Psychedelics are very frequently successful in giving the individual a vivid sensation of the mutual interdependence of his own behavior and the behavior of his environment, so that the two seem to become one—the behavior of a unified field.

Tthe individual is not a skin-encapsulated ego but an organism-environment field. The organism itself is a point at which the field is “focused,” so that each individual is a unique expression of the behavior of the whole field, which is ultimately the universe itself.

The way the individual is described in these sciences is not as a freely moving entity within an environment, but as a process of behavior which is the environment also.
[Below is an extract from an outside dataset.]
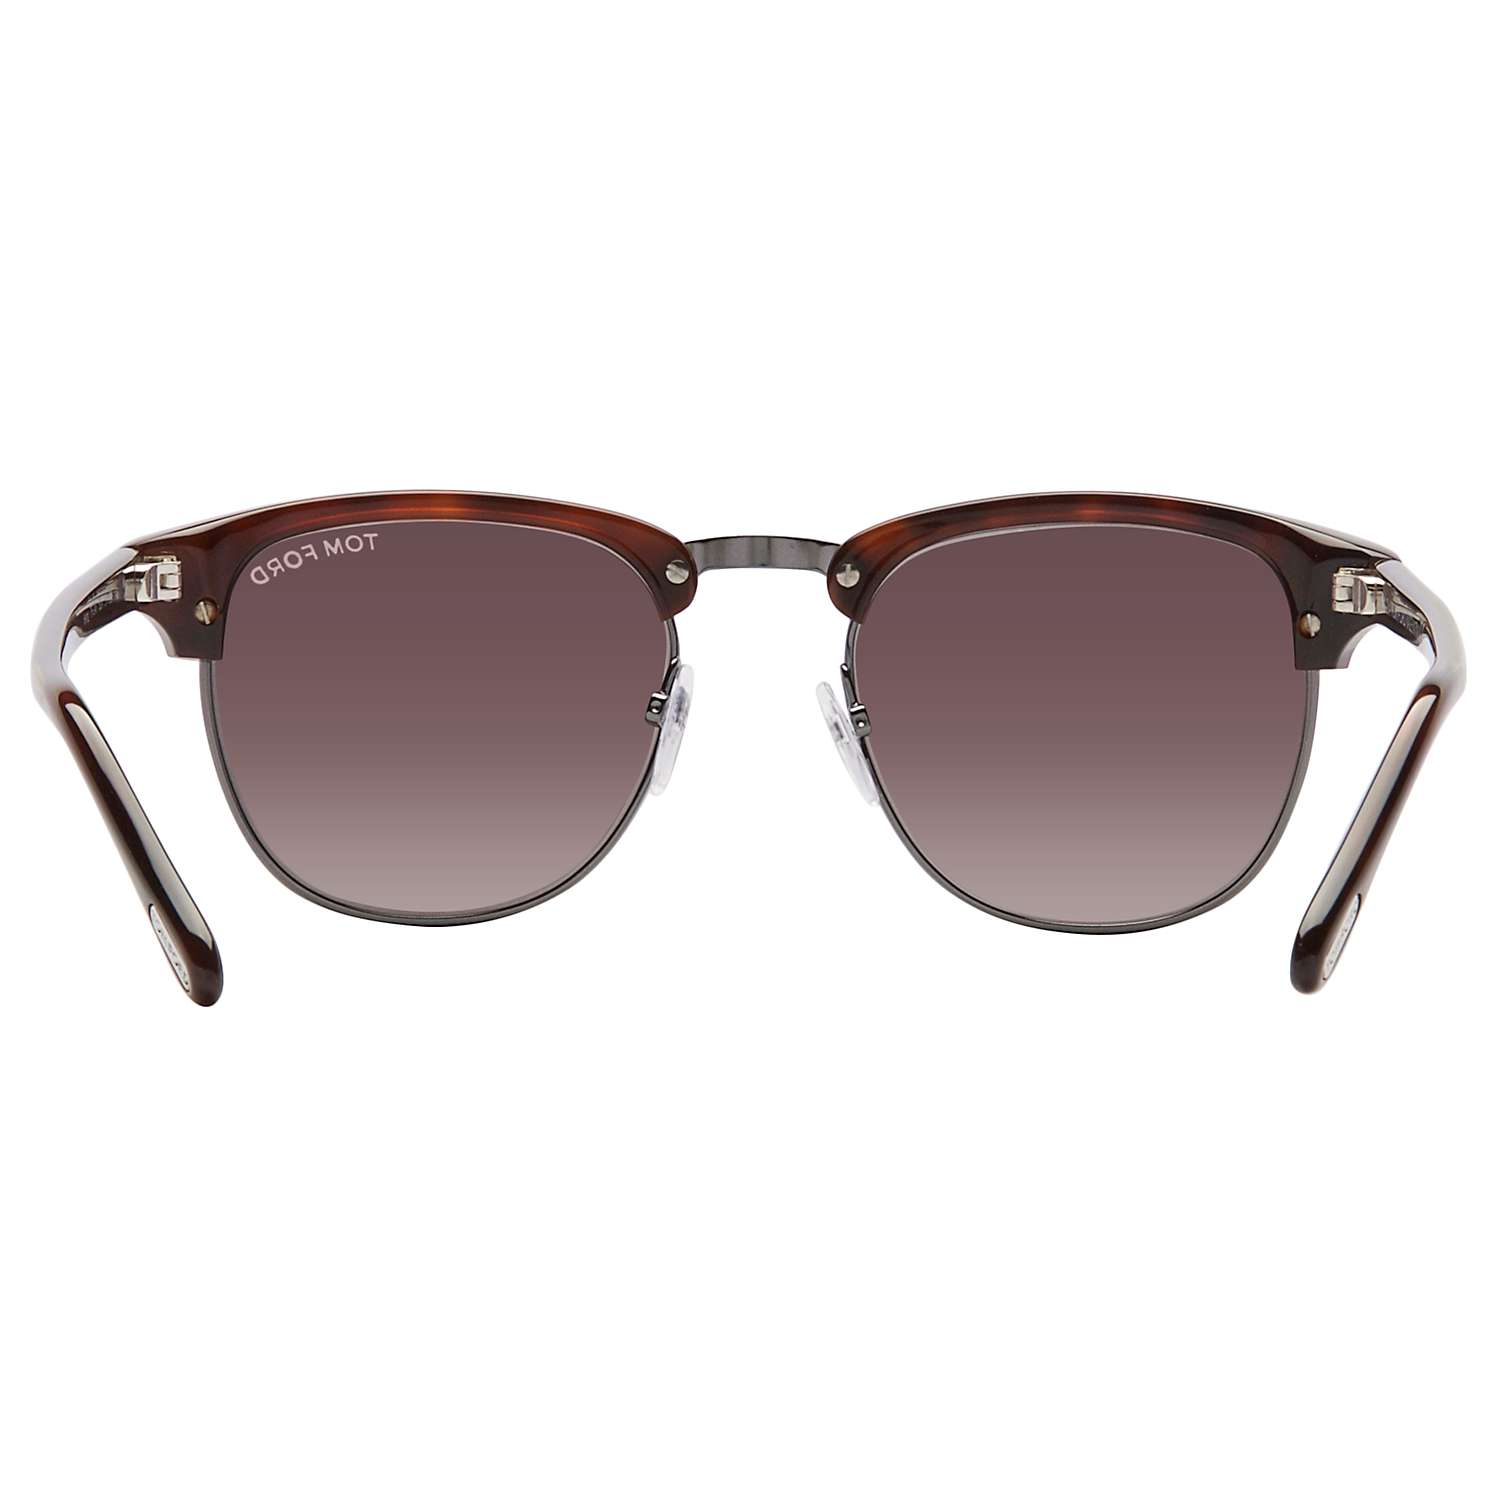 Buy TOM FORD FT0248 Henry Sunglasses, Tortoise Online at johnlewis.com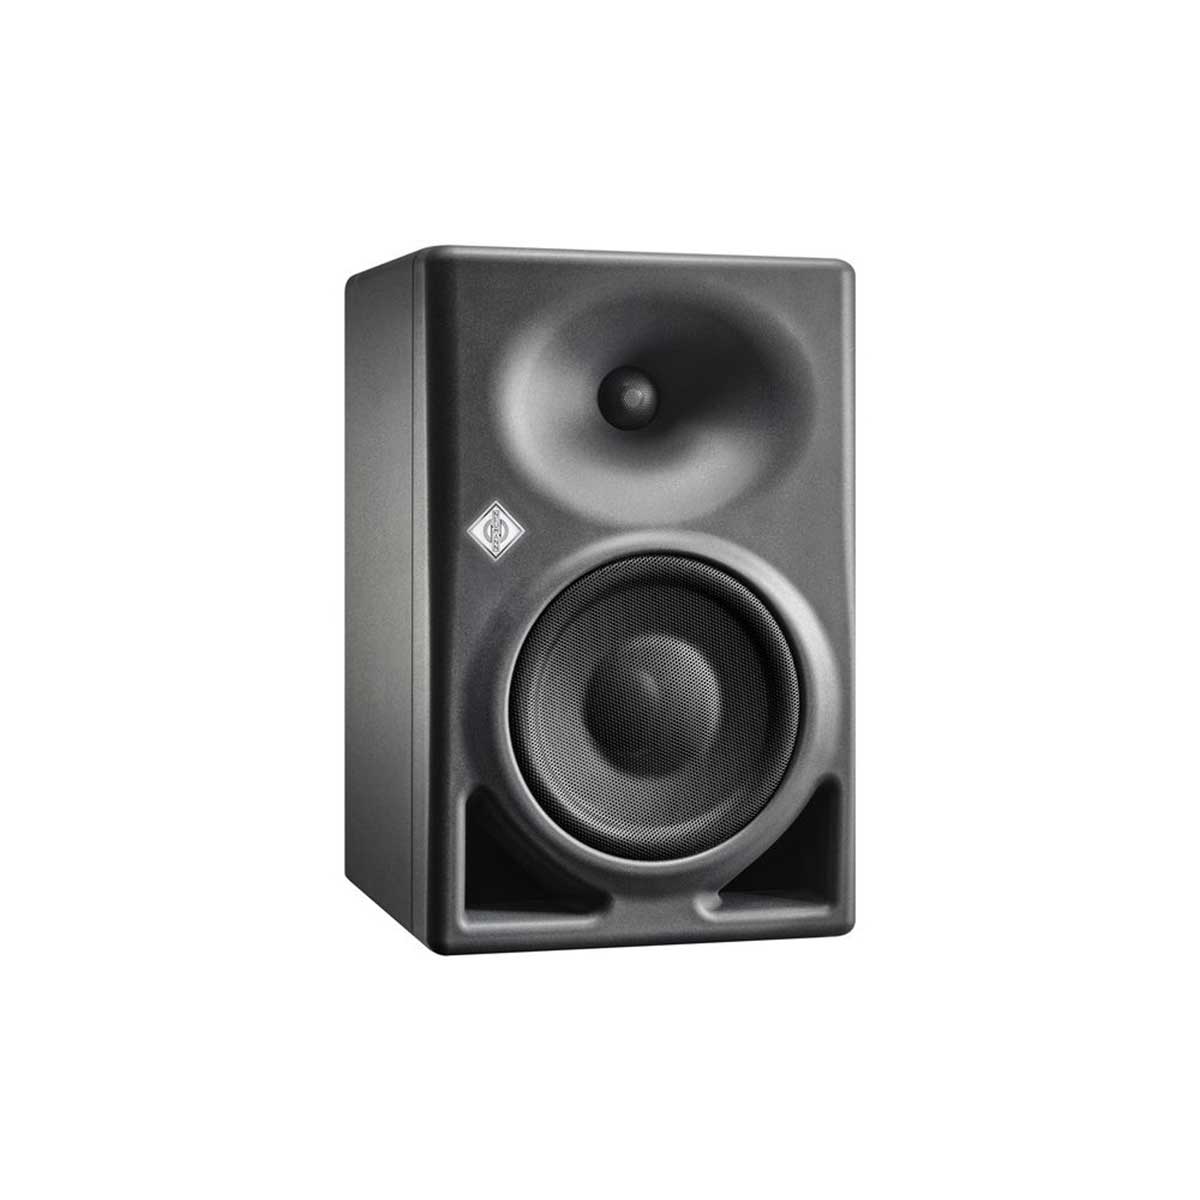 Neumann KH 150 Studio Monitor (Single)

Suppose, then, it becomes possible for us to have a new sense of the individual, that we all become conscious of ourselves as organism-environment fields, vividly aware of the fact that when we move, it is not simply my self moving inside my skin, exercising energy upon my limbs, but also that in some marvelous way the physical continuum in which I move is also moving me. The very fact that I am here in this room at all is because you are here. It was a common concurrence, a whole concatenation of circumstances which go together, each reciprocally related to all. Would such an awareness be significant? Would it add to our knowledge? Would it change anything, make any difference? Seriously, I think it would; because it makes an enormous difference whether what had seemed to be partial and disintegrated fits into a larger integrated pattern.